The sun came up slowly, taking its own sweet time, doing the job right.  It bathed the world in soft pastels, in rose and soft yellow and rich brown.  It warmed the ground, the leaves, the grass.  It rolled into the sky, almost timidly, and looked down on itself, smiling into the chuckles of the spring.  The Wind Blows Free​ by Chad Oliver.
I'm missing the sun here in the midst of a days-long atmospheric river.  

It's grand in the studio, where skylights and big windows let a soft glow of daylight in on paint and painter.  But out and about, in galoshes and raincoats and layers of gloves and mittens, the sun is sorely missed.

Today's quote, from the ending of a long lost generational ship sci-fi short story from 1957 (read the entire story here at Archive.Org) grabbed me and plunked me into sunlight and warmth and a respite from the rain.
And so, though here in the studio I'm  still exploring galaxies and worlds beyond, a momentary dive into portraiture and wistfulness seemed like just the thing.  She's a sweet spirit.  And she's got her eye on a spaceman emerging on a canvas across the room...:)

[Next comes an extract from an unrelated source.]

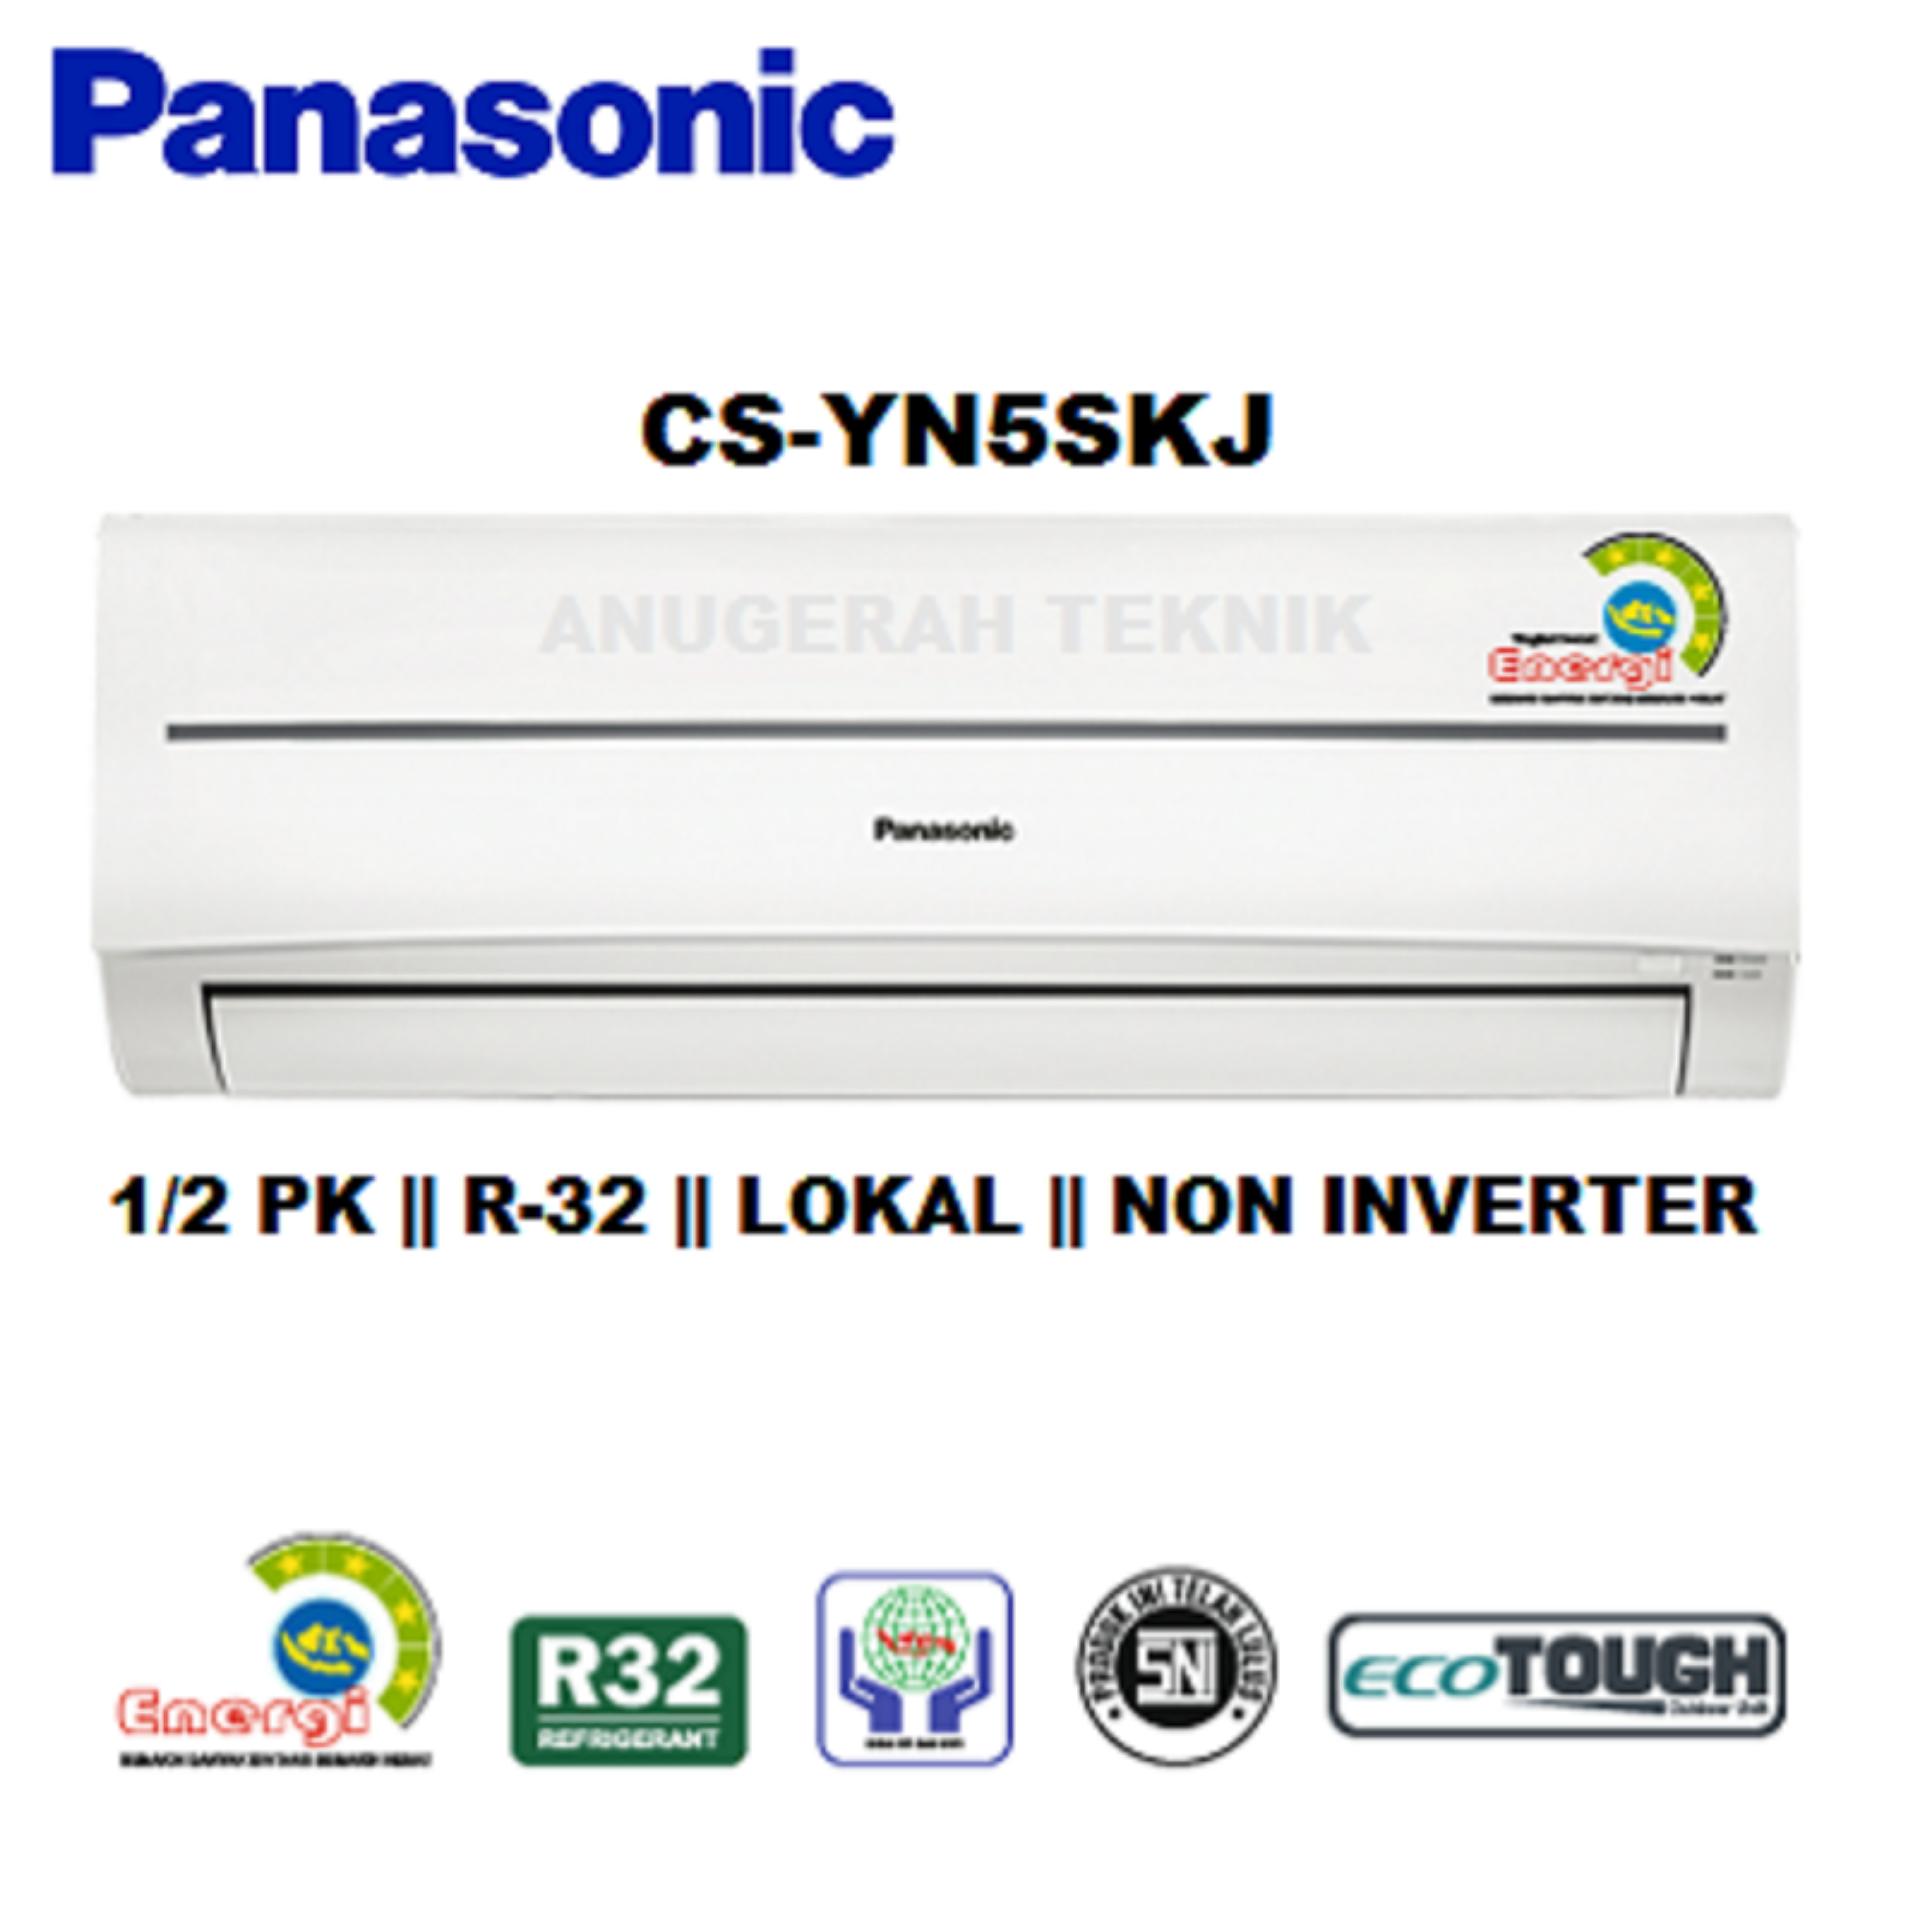 Panasonic AC Split 1/2 PK Standard Lokal R32 Non Inverter - YN5SKJ

About the art:  beginning with a linen canvas and white gesso.  Using an notanized photograph as a jumping off point and gently sketching a portrait with colored pencil.  Limiting myself to a color palette from a random floral painting in oils that I found online (turning it upside down to focus on the color inspiration, not the image) I placed light washes of darks with a rubber wedge, leaving lights for last.  Blending with brushes, fingers and paper towels.  Slowly adding thicker layers, then finishing her garb with a palette knife.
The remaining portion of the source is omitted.